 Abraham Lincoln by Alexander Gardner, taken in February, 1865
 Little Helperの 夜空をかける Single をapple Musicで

===

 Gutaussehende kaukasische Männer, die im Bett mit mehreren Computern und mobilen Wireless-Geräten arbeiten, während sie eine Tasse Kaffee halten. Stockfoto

===

Return exactly, and only, the lines above starting at the line that contains "Abraham Lincoln by" and ending at the line that contains "Little Helperの 夜空をかける Single をapple Musicで".

> _RESULT OF THE TASK_
 Abraham Lincoln by Alexander Gardner, taken in February, 1865
 Little Helperの 夜空をかける Single をapple Musicで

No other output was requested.